Communiqué Allocution du chef des armées à l’hôtel de Brienne

13 juillet 2025

Le ton est grave. Une gravité qui sert volontiers de prétexte au doublement du budget des armées sur la période 2017–2027. Une manne financière hors norme dans le paysage budgétaire du pays.

Concernant le budget, les annonces méritent d’être suivies d’effets : on ne paie pas les sous-traitants avec des discours. Si le propos est bien huilé, l’arrière-boutique, elle, correspond à des fournisseurs en attente de paiement de la part de l’État. L’ardoise se chiffrerait à 99 milliards d’euros, tant les fonds tardent à être versés. Mis sur le dos de la censure budgétaire, ces retards sont en réalité structurels : les armées accusent 18 mois de retard dans le règlement de leurs factures.

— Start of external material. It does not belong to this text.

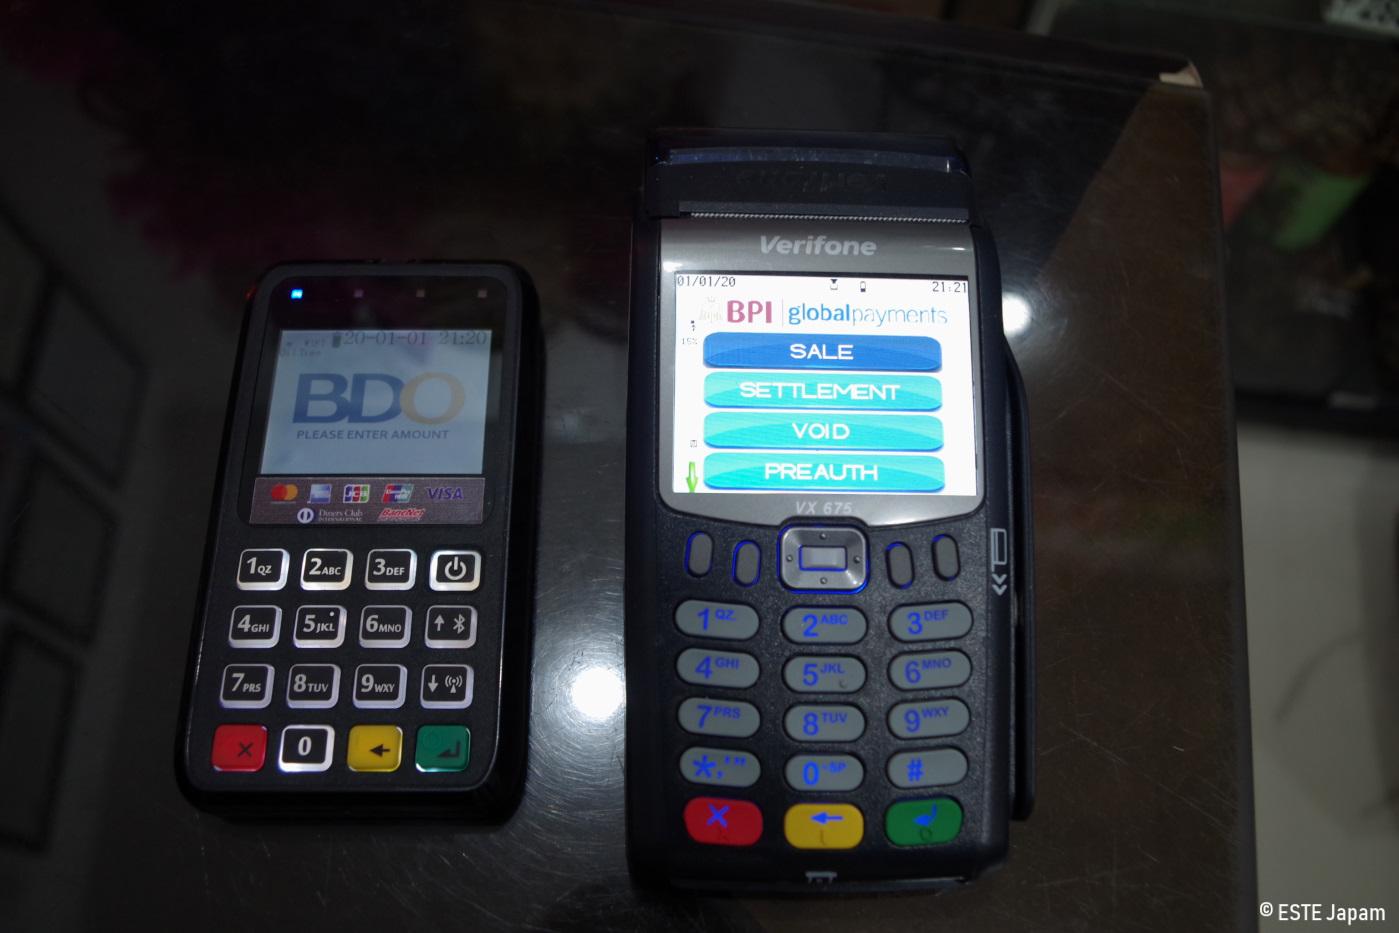 オイルツリーの両替所にあるクレジットカードリーダー

Si l’effort est historique, l’unité nationale, elle, ne l’est pas. Le discours se veut solennel, mais la population n’a jamais été aussi divisée. Les préoccupations liées au pouvoir d’achat, à la santé et à la sécurité occupent tous les esprits, et rarement un couple : président et son premier ministre n’ont été aussi impopulaires sous la Ve République.

Il n’est pas nécessaire d’agiter la guerre comme un épouvantail pour inciter les travailleurs à l’effort : ils savent parfaitement dans quel monde ils vivent, et ces efforts, ils les fournissent déjà au quotidien. Pour la CGT, les 211 milliards d’euros d’aides publiques versées aux entreprises sans contrepartie en 2023 pourraient constituer un socle financier solide, permettant d’épargner aux salariés et agents publics les discours larmoyants.

On ne construit pas l’unité nationale en culpabilisant les citoyens, ni en fermant les yeux sur les fermetures d’usines et les suppressions d’emplois permanents qui conduisent la France vers un chômage de masse.

Clermont-Ferrand, le 13 juillet 2025. 

Sources :

Rapport du Senat Intitulé : « Perspectives de financement des objectifs fixés par la loi de programmation militaire », rédigé au nom de la Commission des finances par Dominique de Legge. Le rapport détaille notamment l’écart important entre AE et CP, les reports de charges et le reste à payer (99 milliards d’euros).

Baromètre Odoxa Macsaret pour public sénat 18 19 juin 2025 : 72% des sondés estiment que Emmanuel Macron ne fait pas un bon président, pour François Bayrou, c’est 77% des sondés qui estiment qu’il ne fait pas un bon premier ministre.

Rapport du Senat de juin 2025 suite aux auditions des entreprise du CAC40 sur les aides publiques , réalisée par le rapporteur Fabien Gay. Le rapport détaille l’utilisation et le manque de suivi des 211 milliards d’euros d’aides aux entreprises.